Exercise brief =
The answer is the data repeated in full, with no pictures included.

Provided data =
====
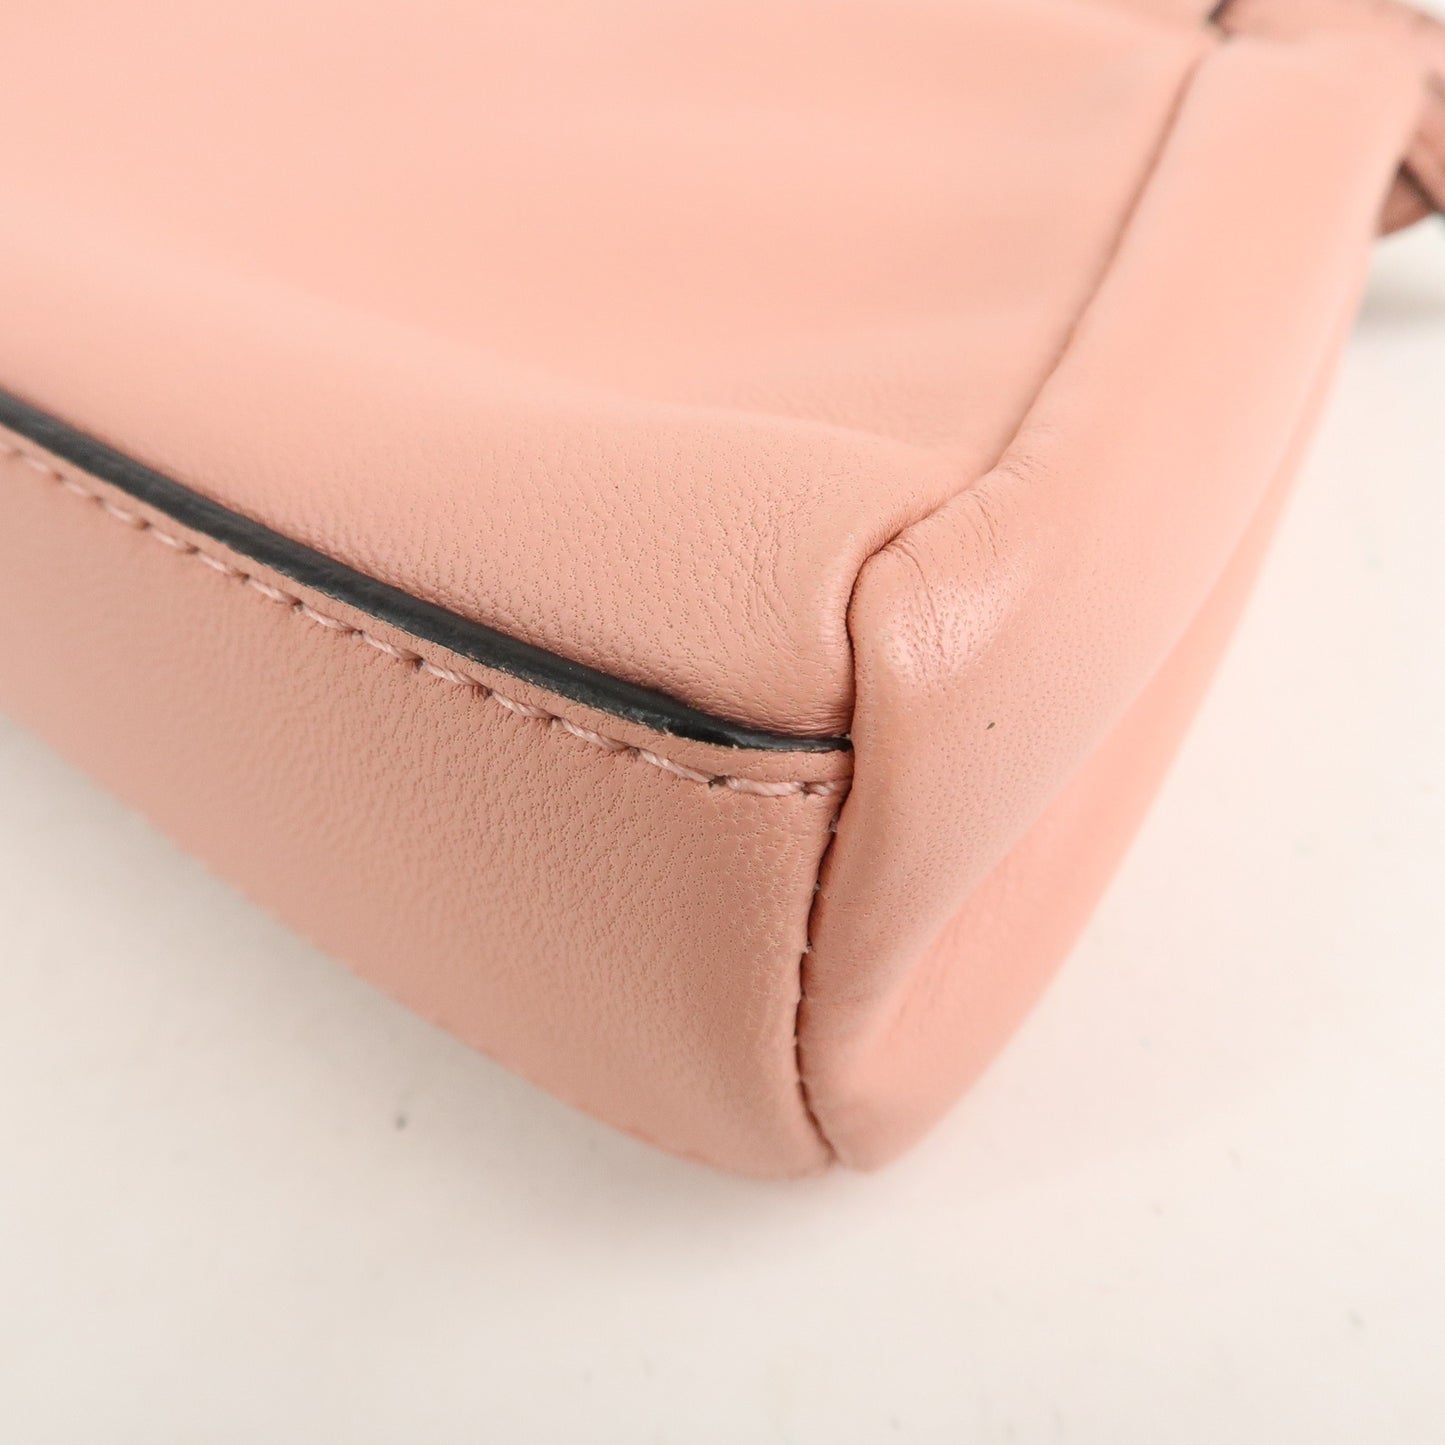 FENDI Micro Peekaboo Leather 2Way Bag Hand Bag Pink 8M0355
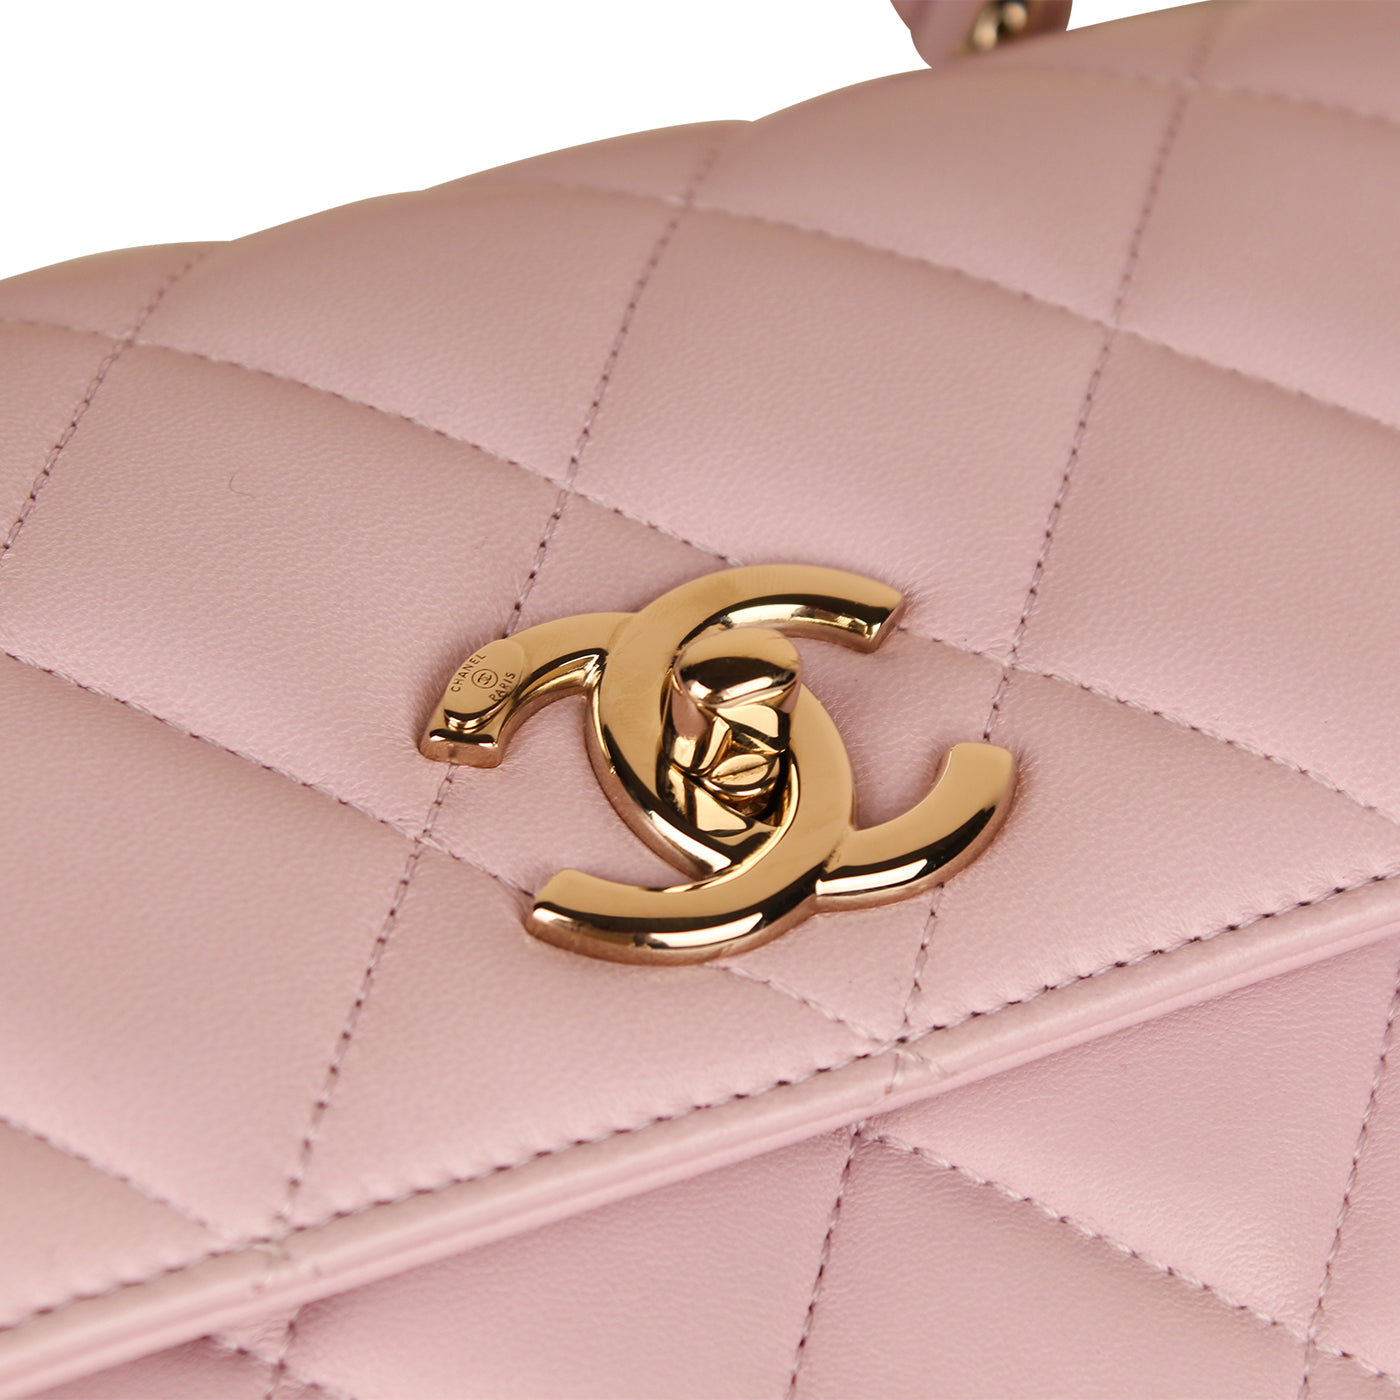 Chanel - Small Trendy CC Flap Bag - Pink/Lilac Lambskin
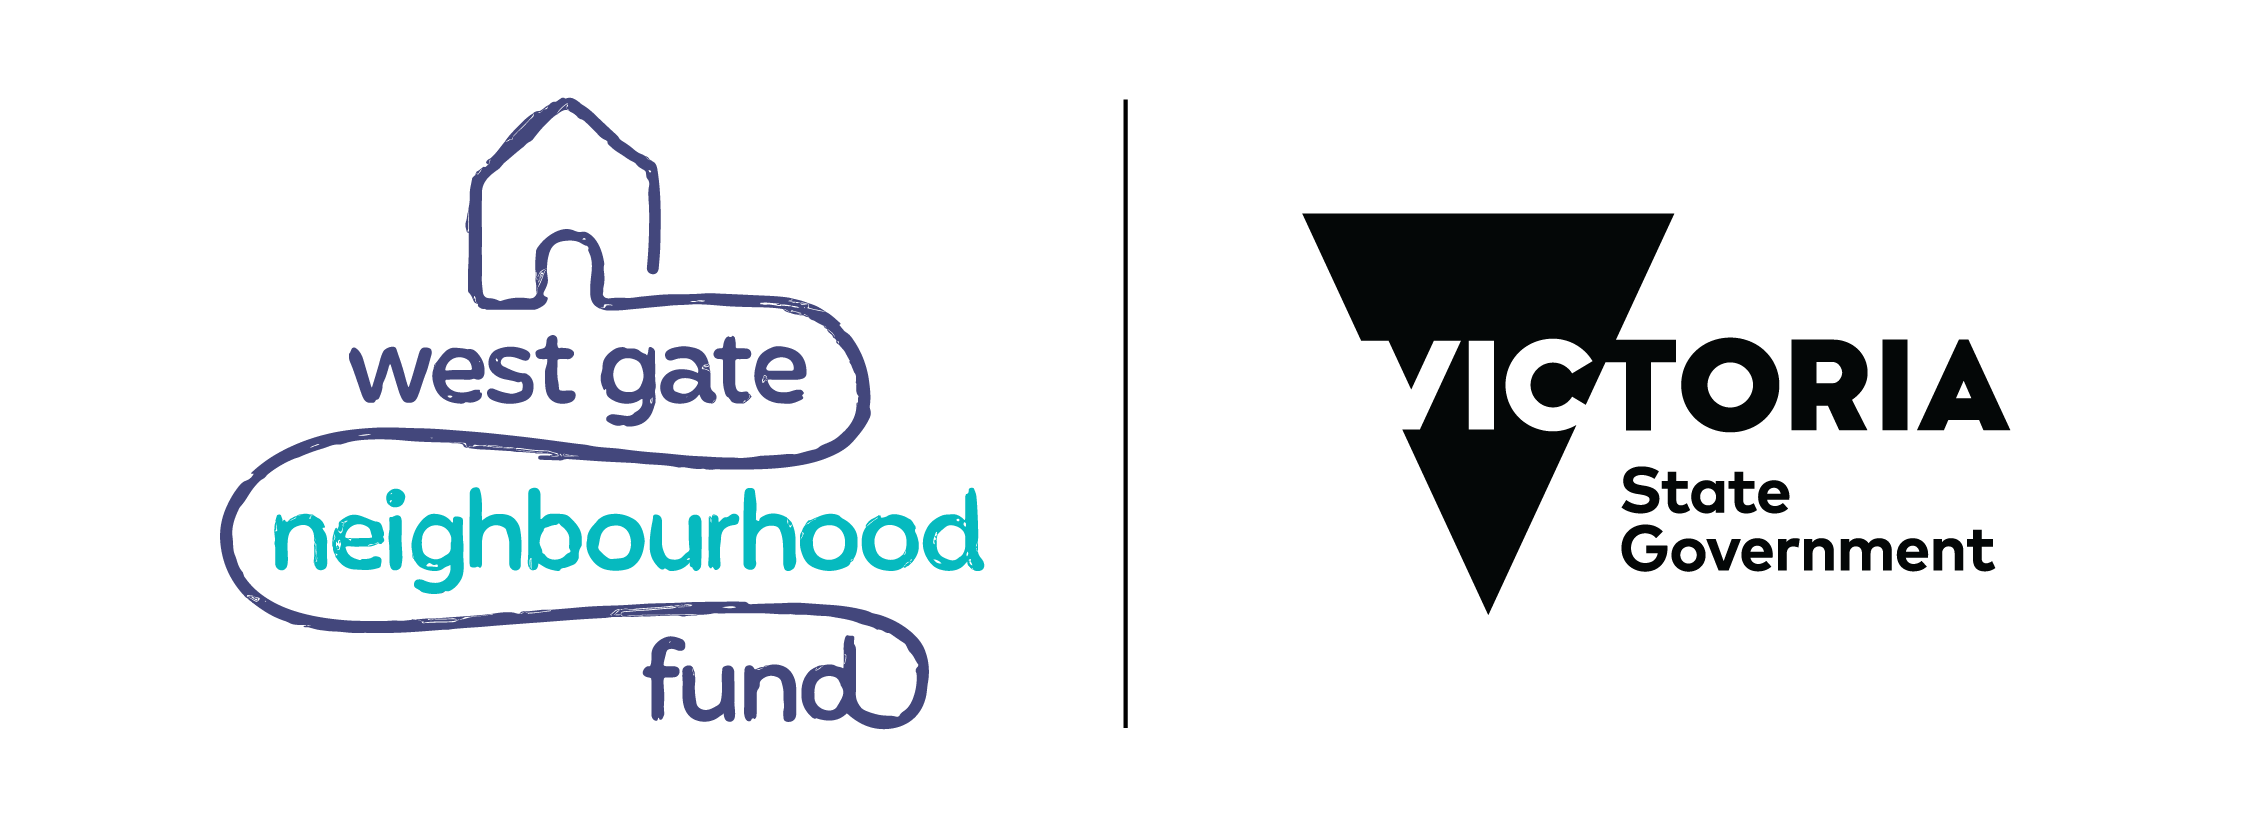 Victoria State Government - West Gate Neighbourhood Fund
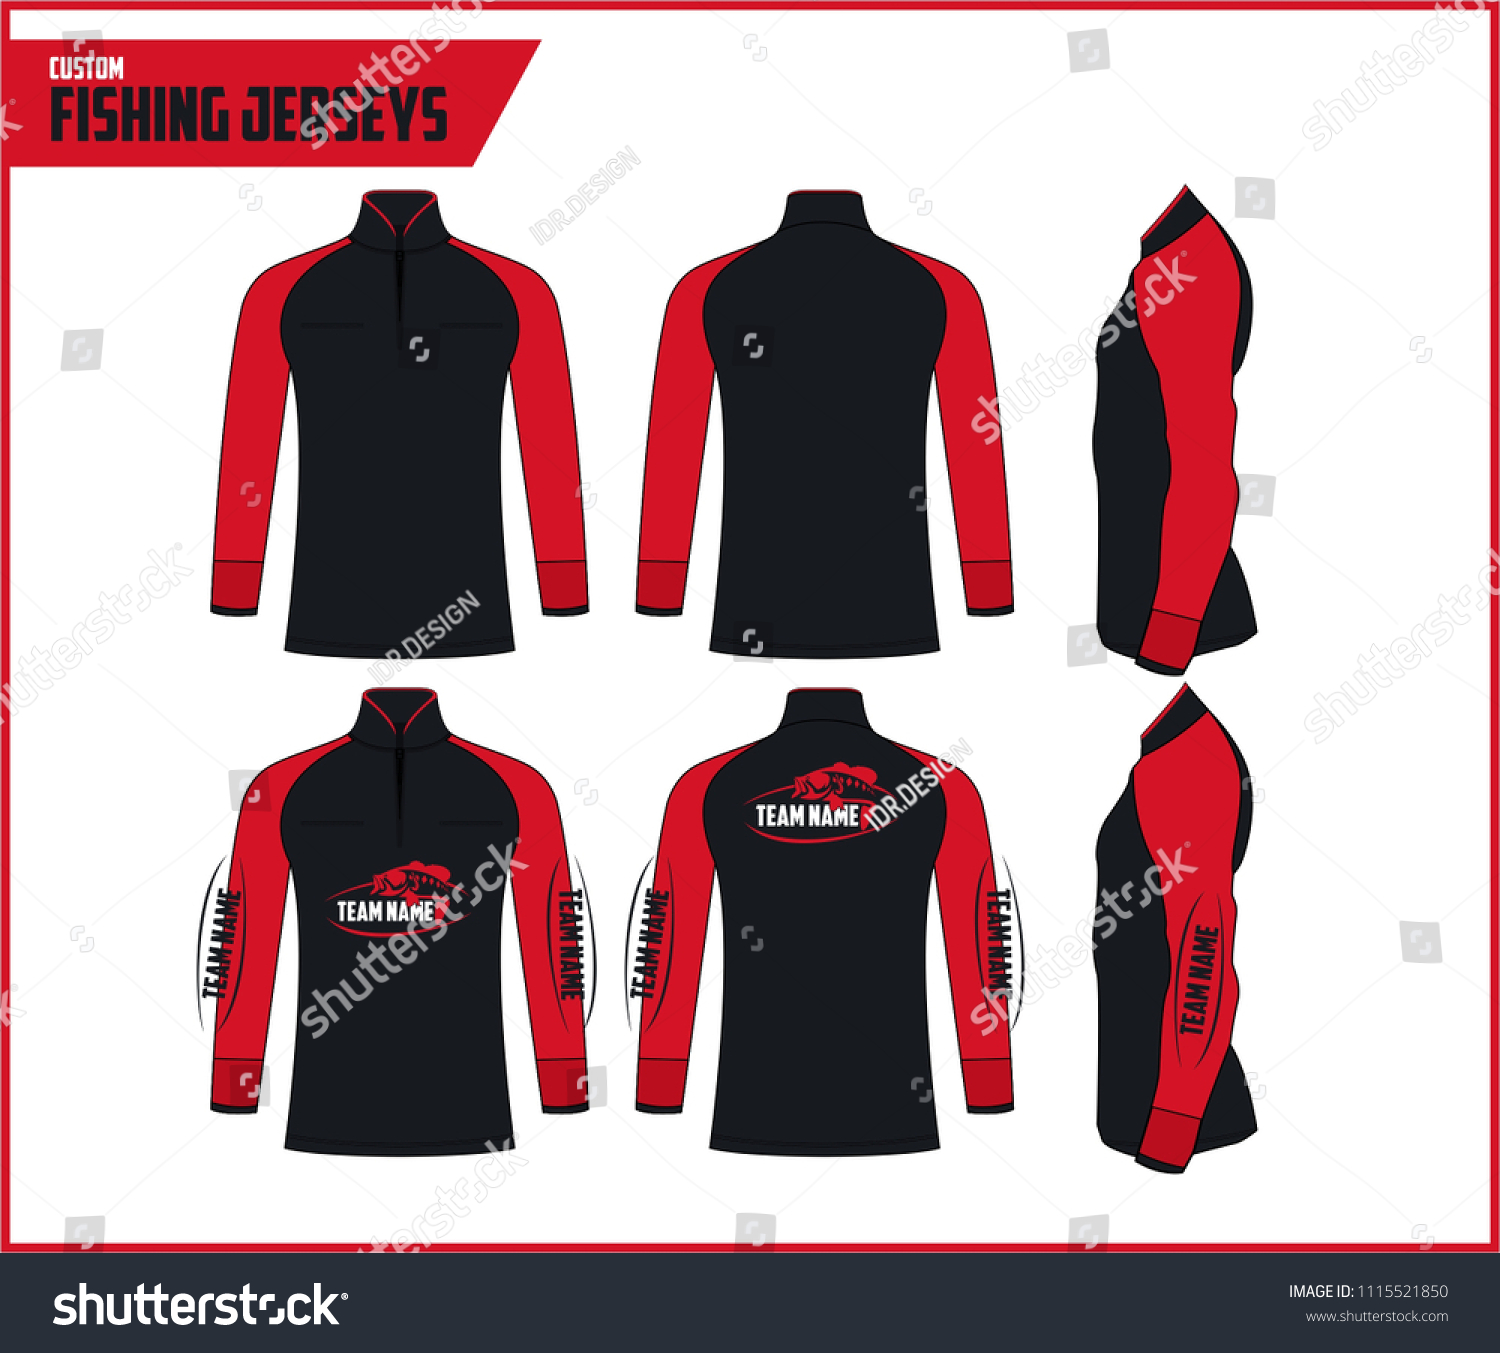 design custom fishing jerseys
====
Result of this task =
 FENDI Micro Peekaboo Leather 2Way Bag Hand Bag Pink 8M0355
 Chanel - Small Trendy CC Flap Bag - Pink/Lilac Lambskin
 Victoria State Government - West Gate Neighbourhood Fund
 design custom fishing jerseys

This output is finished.